Trois petites lettres et puis s’en vont. Depuis le 1ᵉʳ janvier 2026, MTV a cessé d’émettre en Europe. Après quarante ans de clips en continu, cinq déclinaisons de la chaîne (MTV Music, MTV 80s, MTV 90s, Club MTV et MTV Live) ont tiré leur révérence avec un simple bandeau sur un écran noir : « Merci de nous avoir suivis ! » Seule la chaîne principale continue de diffuser des programmes de téléréalité. Dans sa chute, MTV emporte des décennies de souvenirs, dont ceux de China Moses, chanteuse et ancienne présentatrice arrivée à l’antenne en 2004. « À 20 ans, je n’imaginais absolument pas que je deviendrais un jour animatrice sur MTV France », se remémore-t-elle.
Quand MTV débarque en Europe, six ans après sa naissance aux États-Unis en août 1981, le rap en est encore à ses débuts dans l’Hexagone. « À cette époque, les disques étaient difficiles à trouver.

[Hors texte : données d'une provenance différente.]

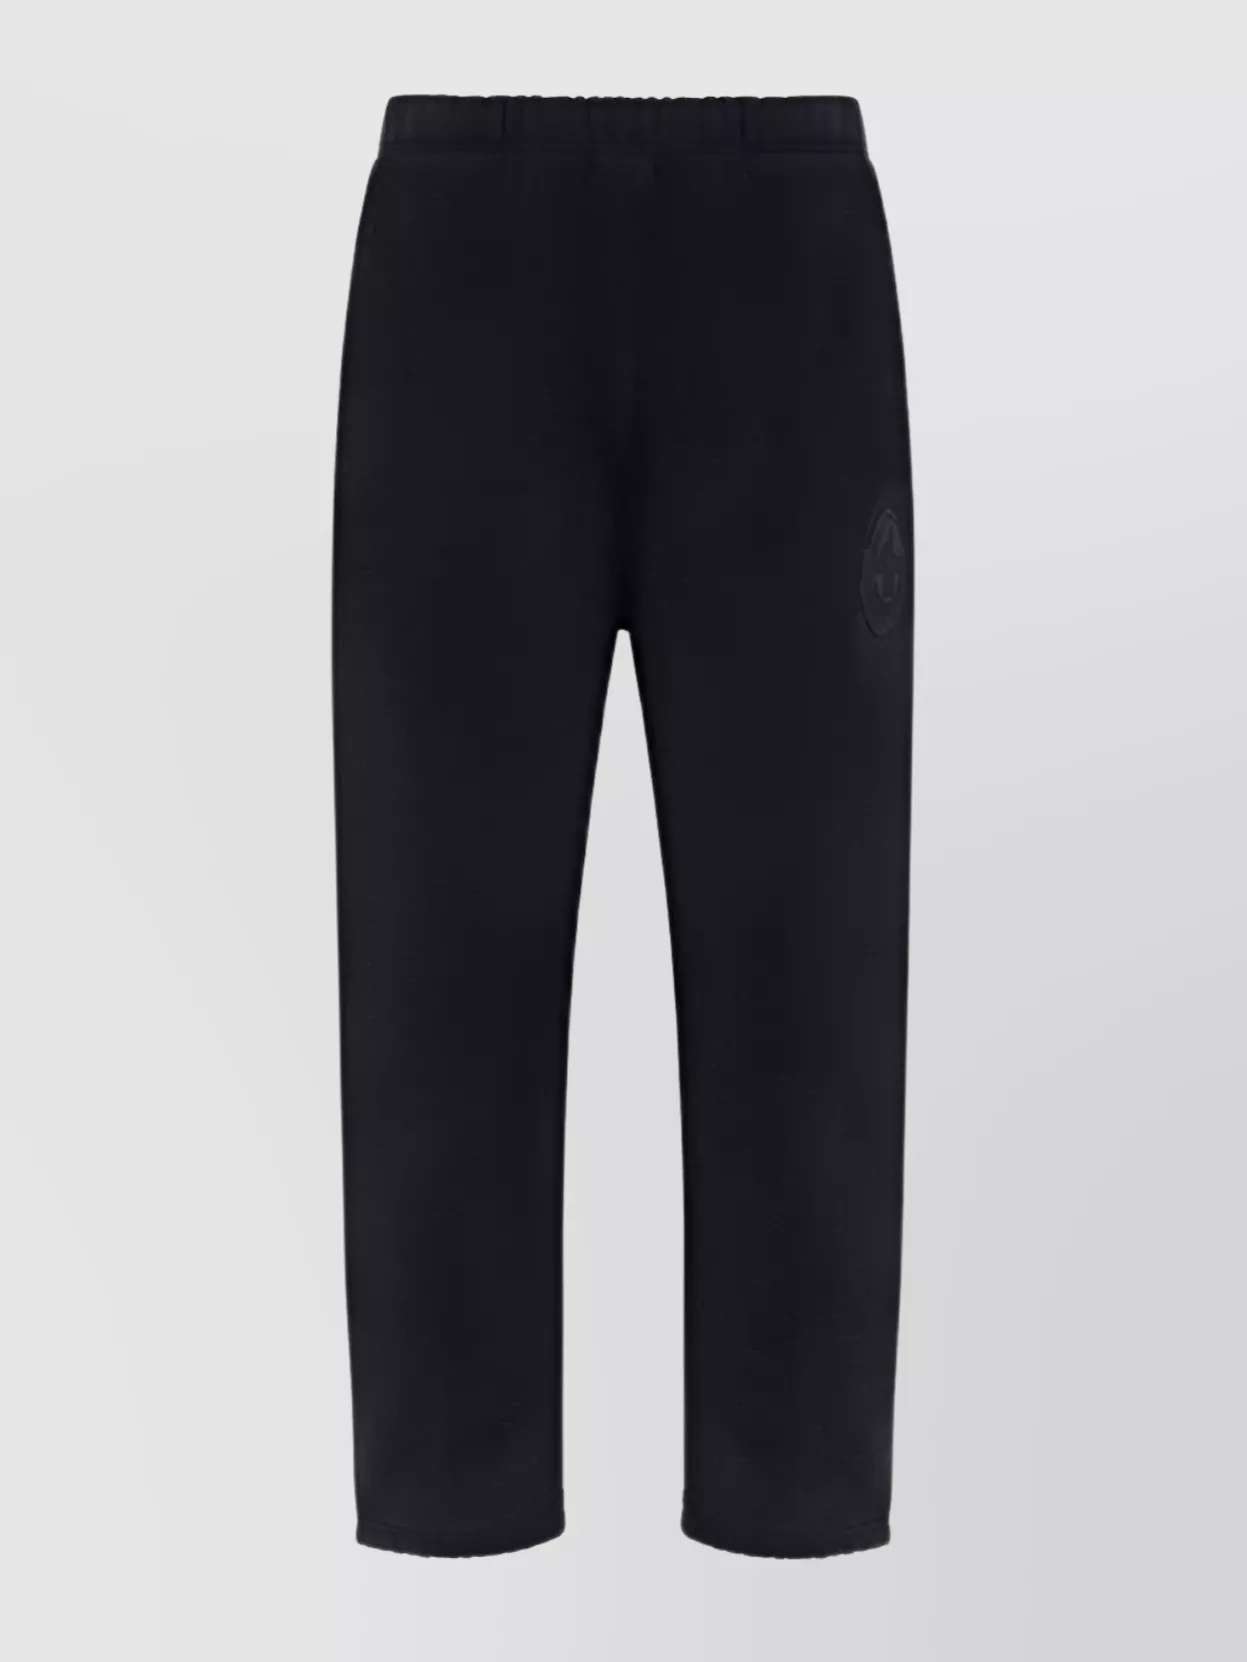 Moncler Genius Jay-z X Moncler Sweatpants In Black

Même dans les grandes villes, ce n’était pas simple de se procurer un CD de A Tribe Called Quest ou de De La Soul », rappelle Nico Prat, journaliste culturel. The Notorious B.I.G., les Fugees, 50 Cent, Lil’ Kim... véritable robinet à clips dès son arrivée en France, la chaîne américaine contribue à démocratiser le hip-hop « en l’apportant directement dans le salon des gens ».
En parallèle, les programmes trouvent également leur public. Le lancement de Yo!, animé par la photographe et fondatrice de la branche européenne de MTV Sophie Bramly, est un succès immédiat. Dès octobre 1987, elle y reçoit les plus gros rappeurs américains, dont le premier invité, Afrika Bambaataa, pionnier du mouvement hip-hop [en 2024, Solo du groupe Assassin a révélé avoir été abusé par ce dernier alors qu’il n’avait que 17 ans. Aux États-Unis, Bambaataa a fait face à de nombreuses accusations d’abus sexuels sur des garçons mineurs]. D’autres groupes et artistes emblématiques comme N.W.A., Public Enemy, LL COOL J ou encore Run D.M.C. feront leur apparition avant que le programme soit repris par les Américains et devienne l’incontournable Yo! MTV Raps. « C’est l’un des rares cas où les États-Unis se sont emparés d’un concept français », analyse Nico Prat.